The deeply resonant compositions of Luc Tuymans (b.1958, Belgium) insist on the power of images to simultaneously reveal and withhold meaning. Often rendered in a muted palette, the artist’s canvases are based on preexisting imagery from a range of historical, cultural, and popular-media sources. Their quiet and restrained appearance, however, belies an underlying moral complexity that engages equally with questions of history and its representation as with quotidian subject matter.

The year 1992 was a significant one in Tuymans’s career, during which his inclusion in Documenta 9 brought him international recognition; he was also the subject of a large-scale solo exhibition at Kunsthalle Bern. In 1994, the solo exhibition Superstition toured a number of European and North American venues, and was Tuymans’s first solo show at David Zwirner, New York, that year.

Works by Luc Tuymans installed at Documenta 9, Kassel, Germany, 1992

Works by Luc Tuymans installed at Documenta 9, Kassel, Germany, 1992

In this presentation are key paintings by Tuymans, including works which debuted in the artist’s 1996 show The Heritage at David Zwirner. Stemming from the artist’s interest in picturing the prevailing mood of uncertainty and loss that he perceived in the United States following the Oklahoma City bombing in 1995, the show presented works that incorporated a range of recognizable symbols of American life. The exhibition received critical acclaim, including from Peter Schjeldahl, who noted in his Village Voice review, “When I’m looking at Tuymans’s work, it seems to me absurd that our culture doesn’t embrace painting normally and avidly, as an enthusiastic matter of course.”

“One of the stories we tell ourselves is that painting now is over, that it is finished. All to the good, then, for this painter [Luc Tuymans], for whom painting is always a kind of lie. The exhaustion of the medium provides yet another layer of metaphor in his work. If painting is dead, then it leaves painters free to paint, to enter a world where time can run backwards.”

—Adrian Searle, Frieze, 1994

Installation view, Luc Tuymans: The Heritage, David Zwirner, New York, 1996

Installation view, Luc Tuymans: The Heritage, David Zwirner, New York, 1996

Installation view, Luc Tuymans: The Heritage, David Zwirner, New York, 1996

Installation view, Luc Tuymans: The Heritage, David Zwirner, New York, 1996

Lisa Yuskavage in her studio, New York, 1999

Lisa Yuskavage in her studio, New York, 1999

Lisa Yuskavage (b. 1962) creates works that affirm the singularity of the medium of painting while challenging conventional understandings of genres and viewership.
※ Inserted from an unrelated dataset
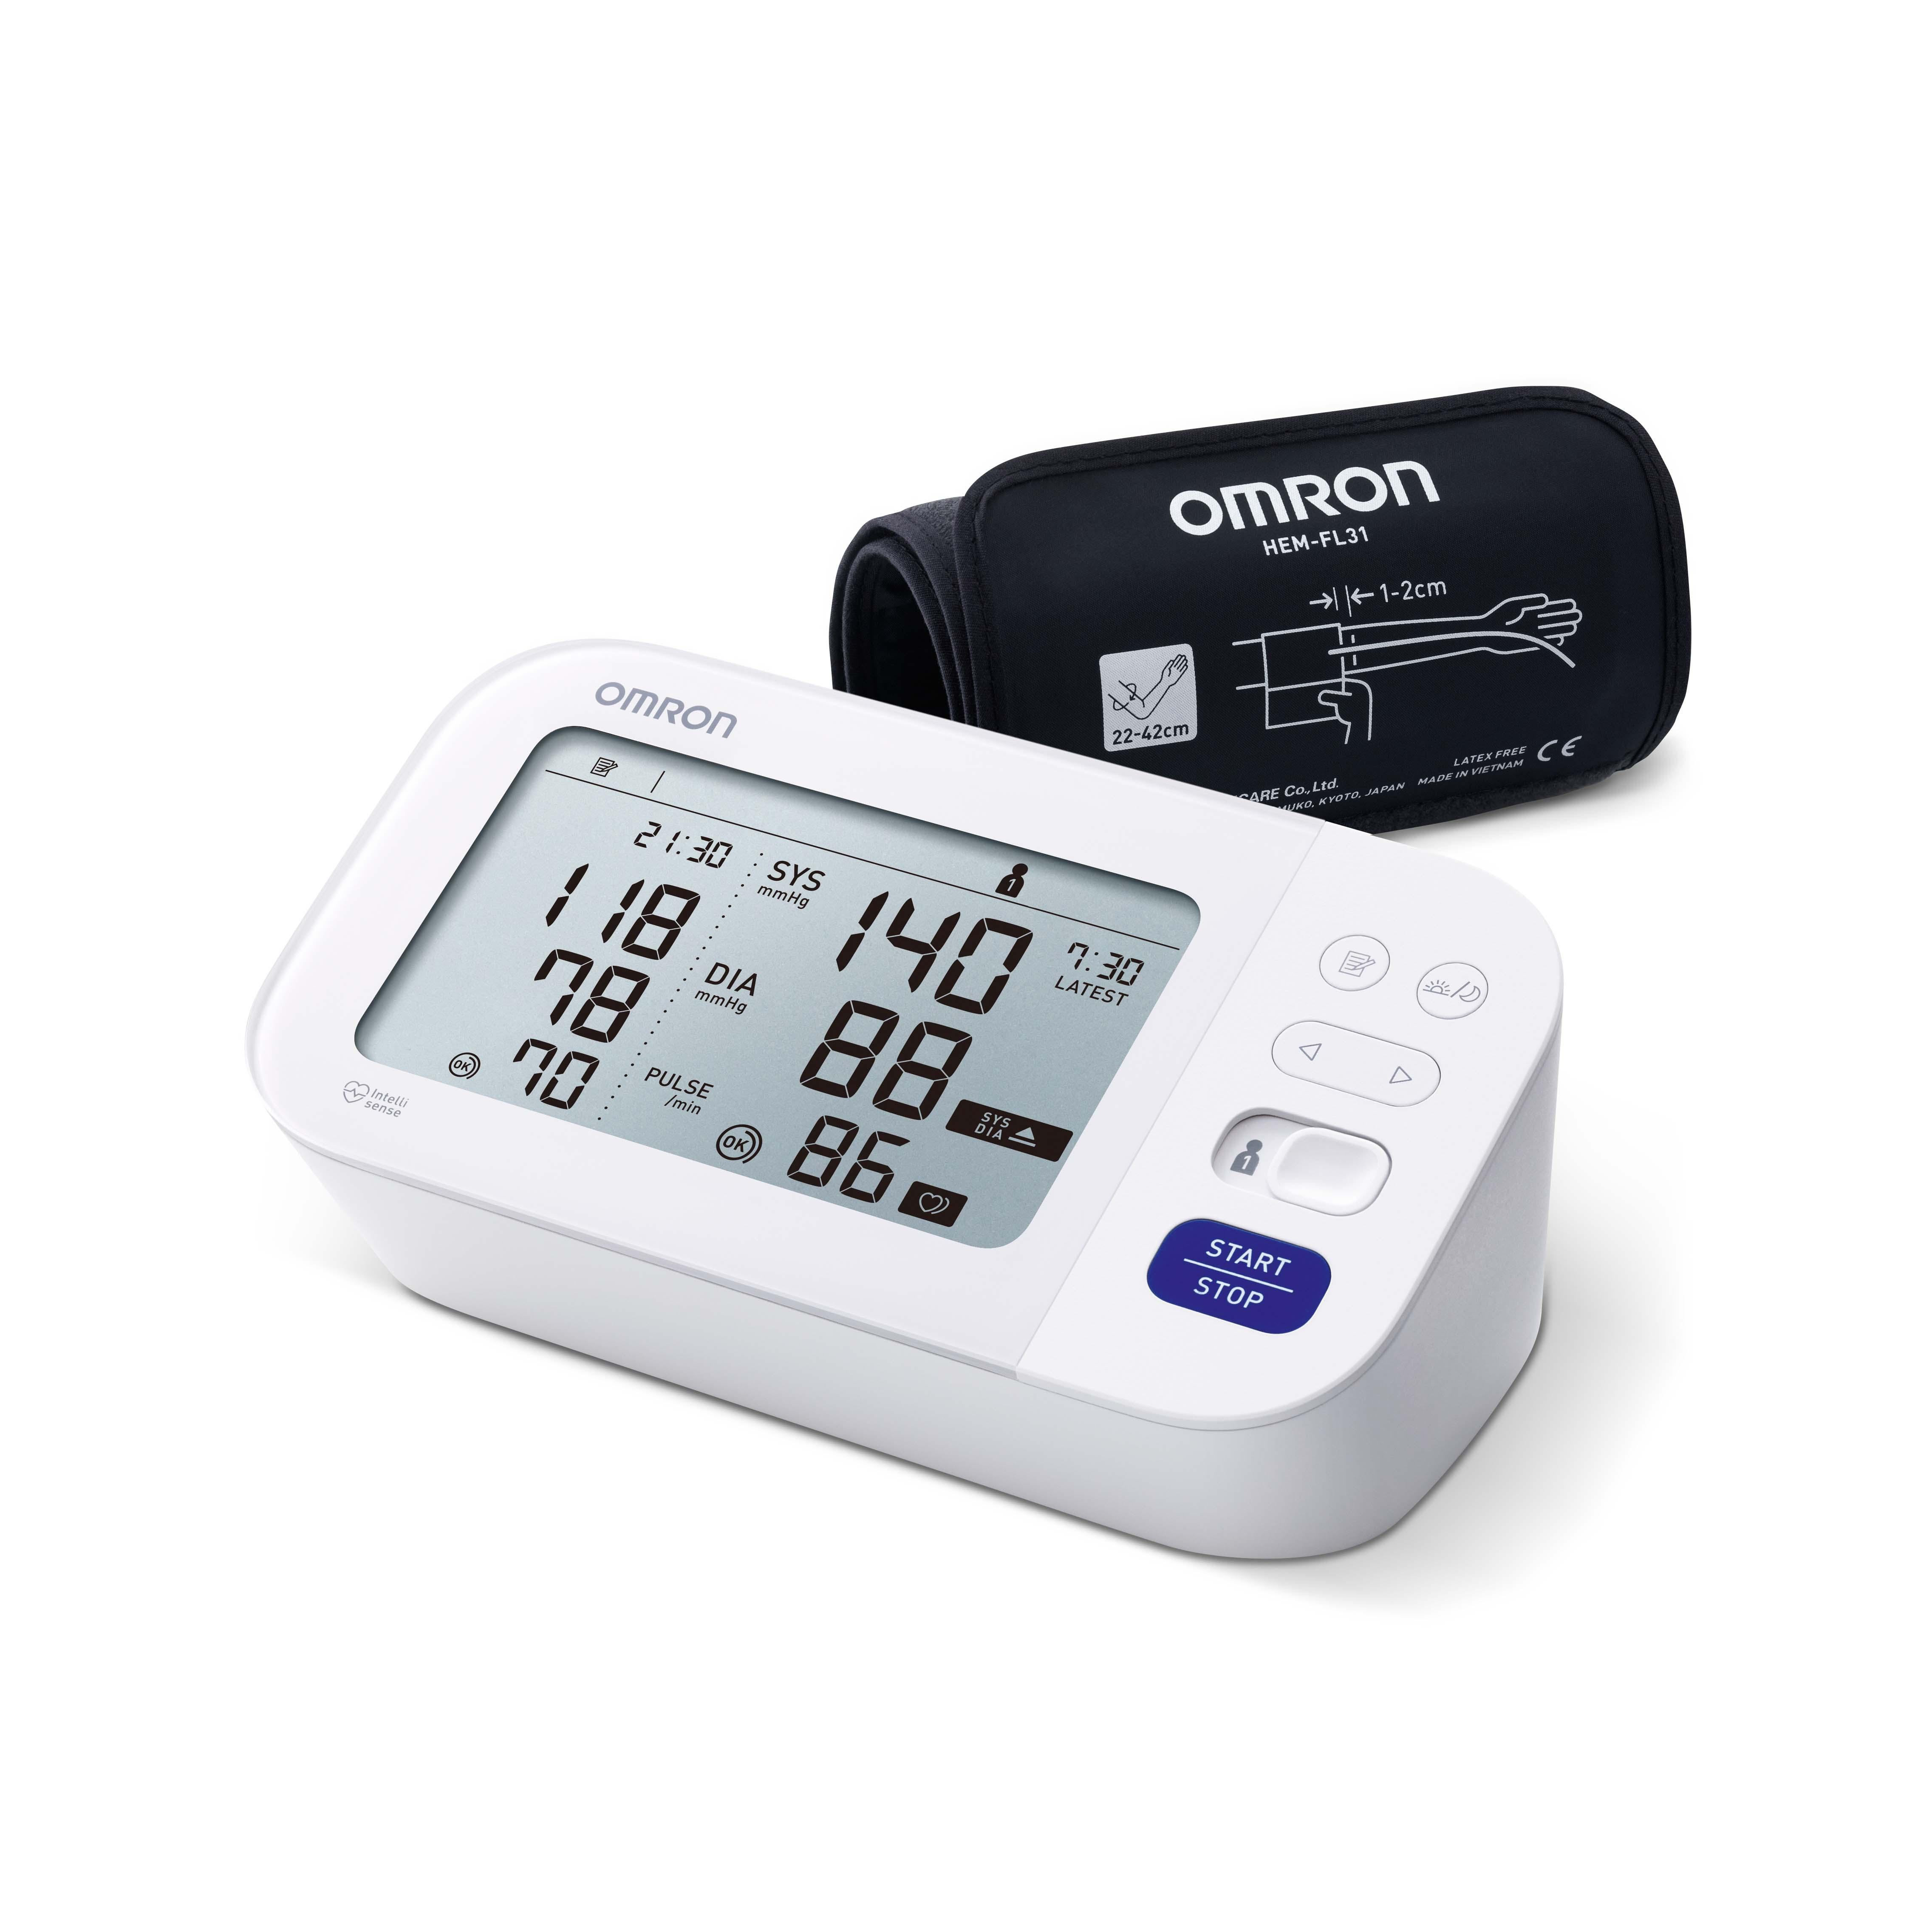 Omron tensiomètre M6 Comfort - automatique - blanc

Her rich cast of characters and their varied attributes are layered within compositions built of both representational and abstract elements, in which color is the primary vehicle of meaning.
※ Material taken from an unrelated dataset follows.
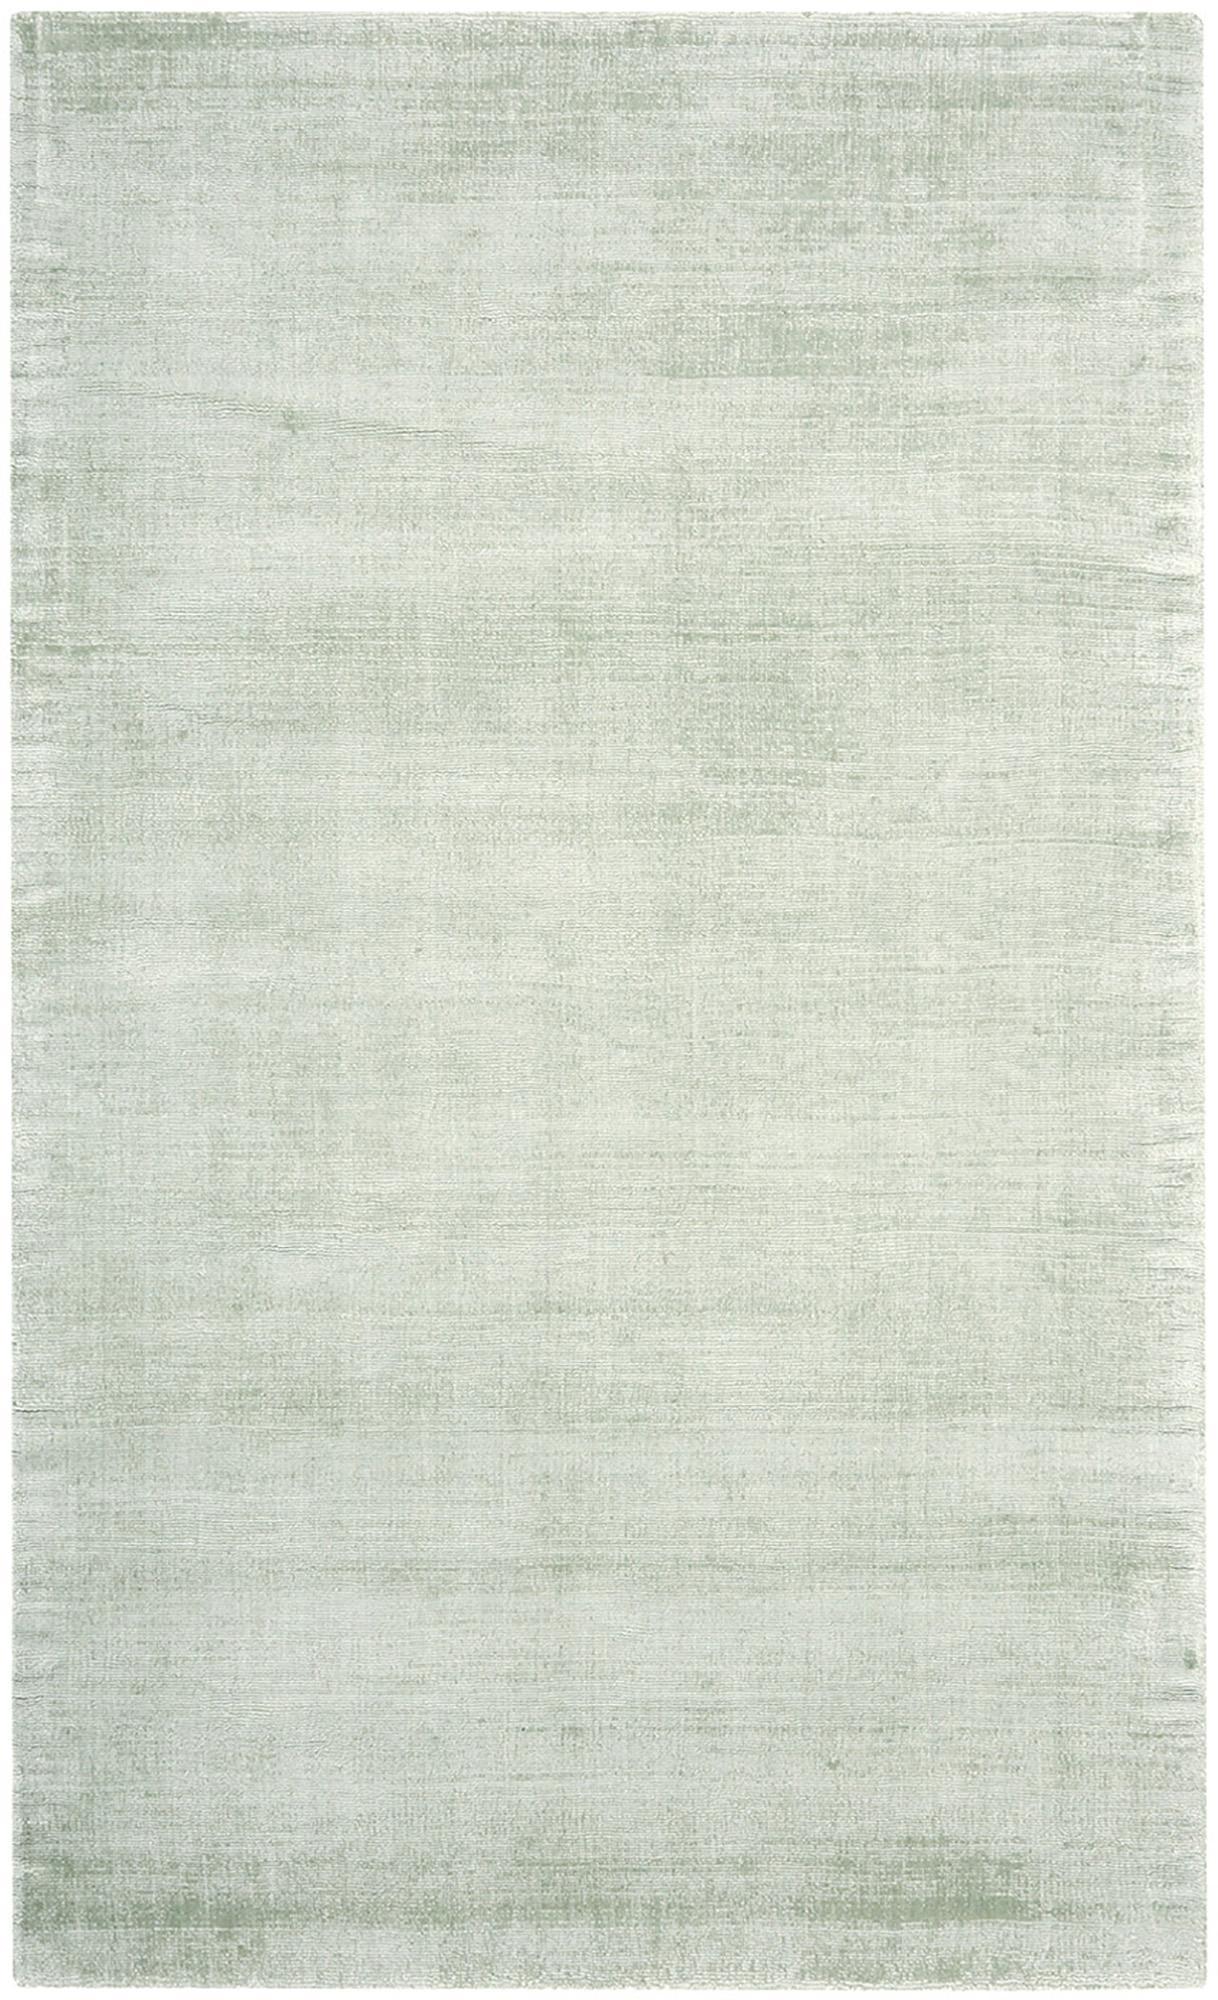 Handgewebter Viskoseteppich Jane in Lindgrün, Flor: 100% Viskose, Lindgrün, B 90 x L 150 cm (Größe XS)

Installation view, Circa 1995: New Figuration in New York, David Zwirner, New York, 2025

“Remember when contemporary art was an adventure? With the likes of Yuskavage around, it is adventurous again.”

—Peter Schjeldahl, The Village Voice, review of Yuskavage’s solo exhibition, Marianne Boesky Gallery, New York, 1998

Several of Yuskavage’s standout paintings from the 1990s are on view in the exhibition, including works from her Bad Babies series (1991–1992), which the artist has described as “portraits of beings in color” and feature individual female figures seen from the knees up set against jewel-tone monochromatic fields of color. The Bad Babies, a breakthrough series of four works, was first shown together in Yuskavage’s second solo exhibition in New York, at Elizabeth Koury in 1993. Likewise, Big Little Laura (1998), another seminal painting from this decade, was first shown in New York in 1998 at Marianne Boesky Gallery.

Lisa Yuskavage’s studio, 1998, featuring Big Little Laura, 1998

Lisa Yuskavage’s studio, 1997, featuring Big Little Laura, 1998

Installation view, Lisa Yuskavage, Marianne Boesky Gallery, New York, 1998

“I don't want to make something that’s an antidote. I want to pose questions.”